Enzymatic substrate selectivity is critical for the precise control of metabolic pathways. In cases where chemically related substrates are present inside cells, robust mechanisms of substrate selectivity are required. Here, we report the mechanism utilized for catalytic ATP versus GTP selectivity during adenylate kinase (Adk) -mediated phosphorylation of AMP. Using NMR spectroscopy we found that while Adk adopts a catalytically competent and closed structural state in complex with ATP, the enzyme is arrested in a catalytically inhibited and open state in complex with GTP. X-ray crystallography experiments revealed that the interaction interfaces supporting ATP and GTP recognition, in part, are mediated by coinciding residues.

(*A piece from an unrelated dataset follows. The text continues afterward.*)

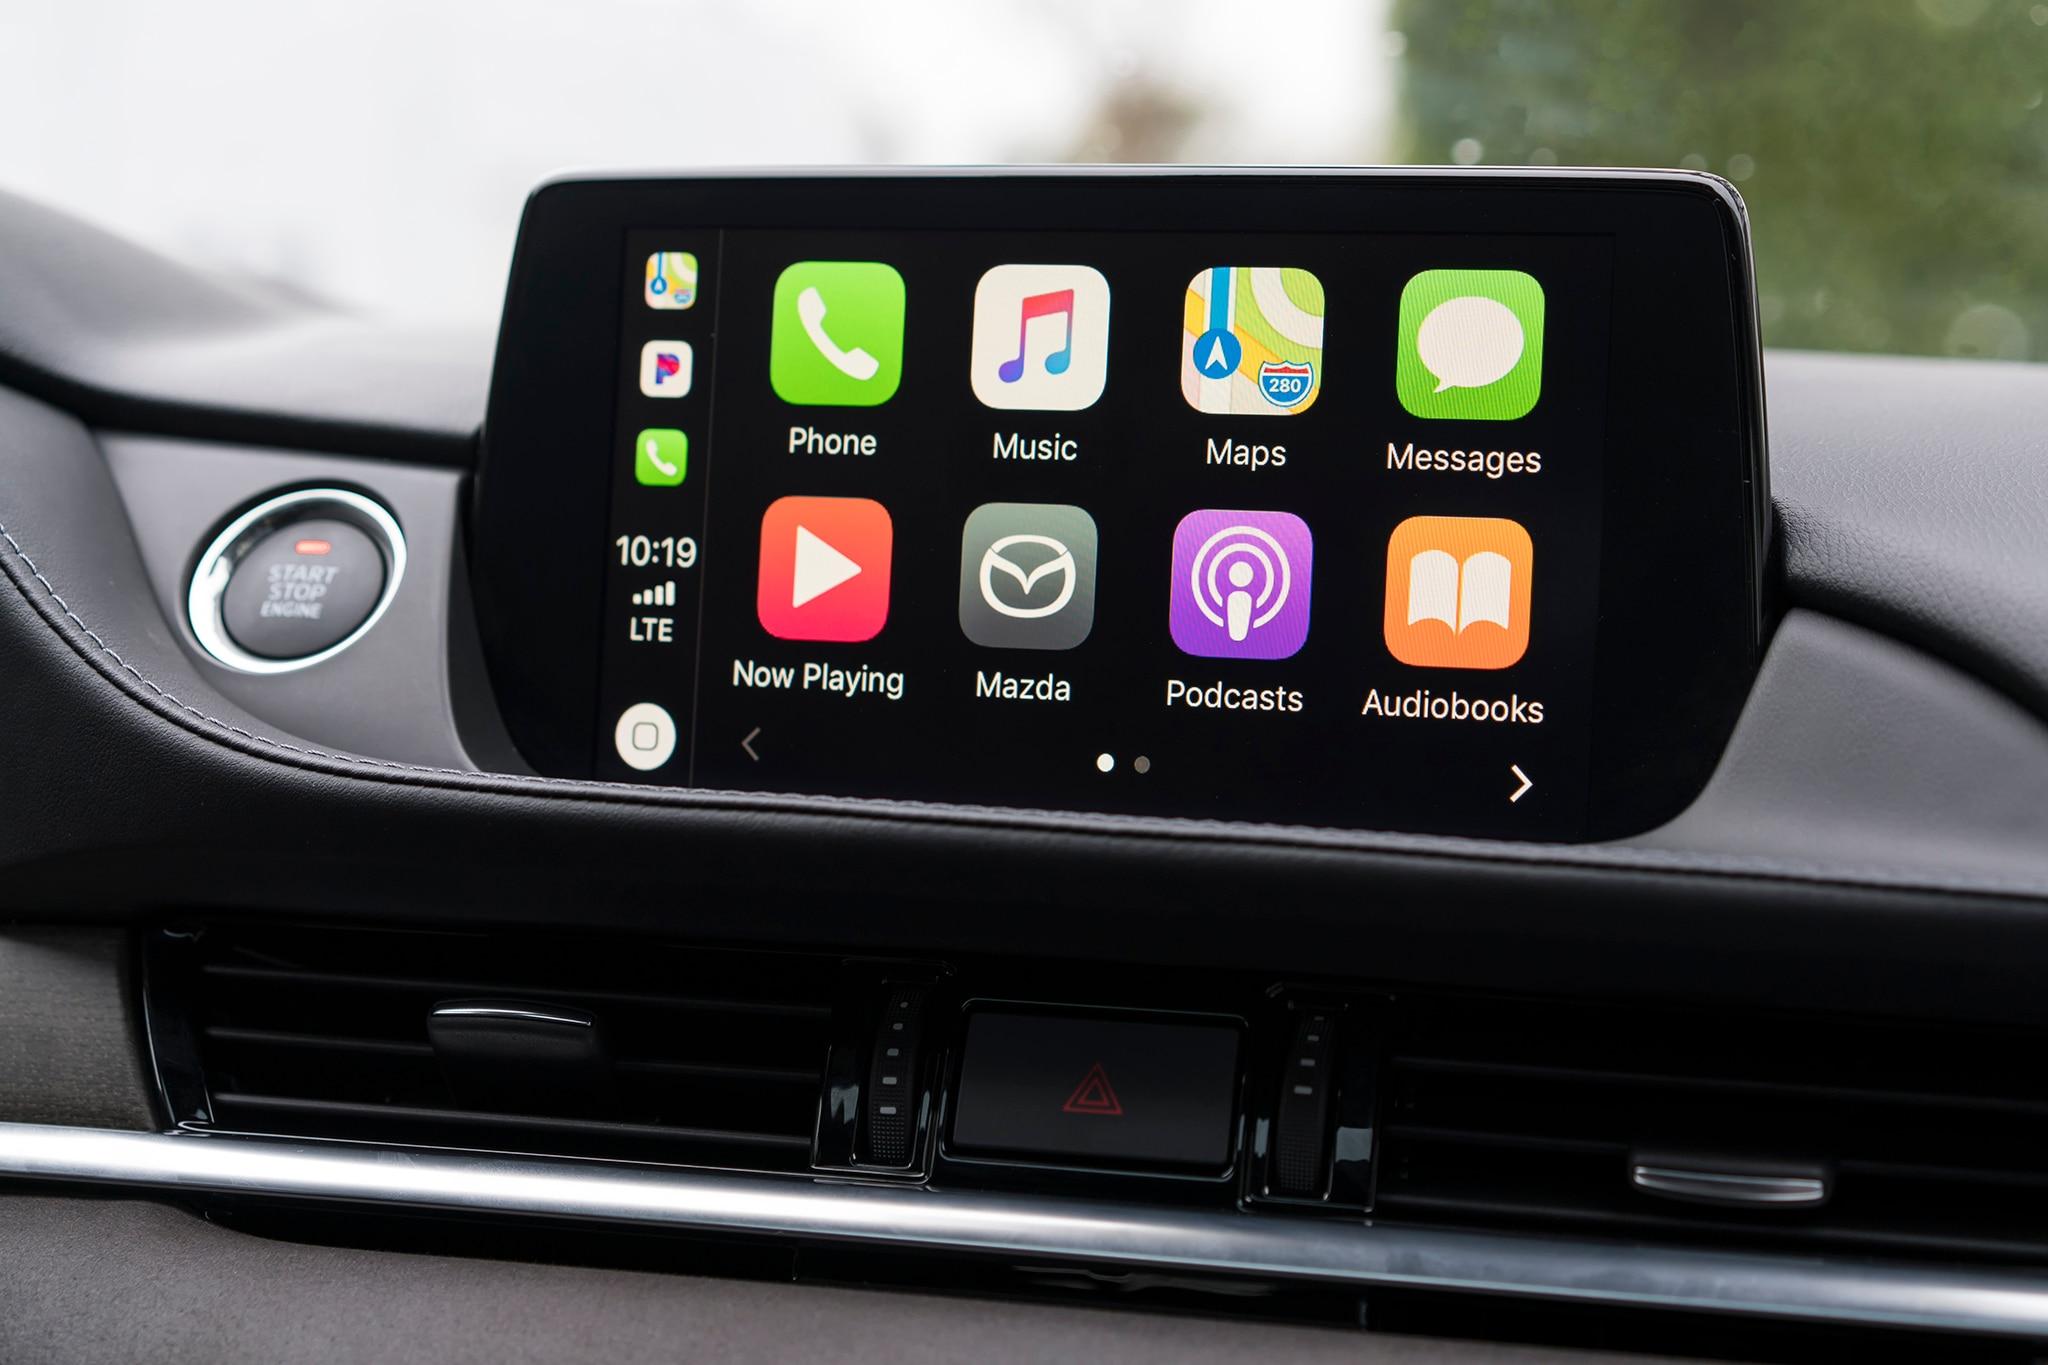 Mazda CarPlay

The mechanism provides an atomic view on how the cellular GTP pool is protected from Adk turnover, which is important because GTP has many specialized cellular functions. In further support of this mechanism, a structure-function analysis enabled by synthesis of ATP analogs suggests that a hydrogen bond between the adenine moiety and the backbone of the enzyme is vital for ATP selectivity. The importance of the hydrogen bond for substrate selectivity is likely general given the conservation of its location and orientation across the family of eukaryotic protein kinases.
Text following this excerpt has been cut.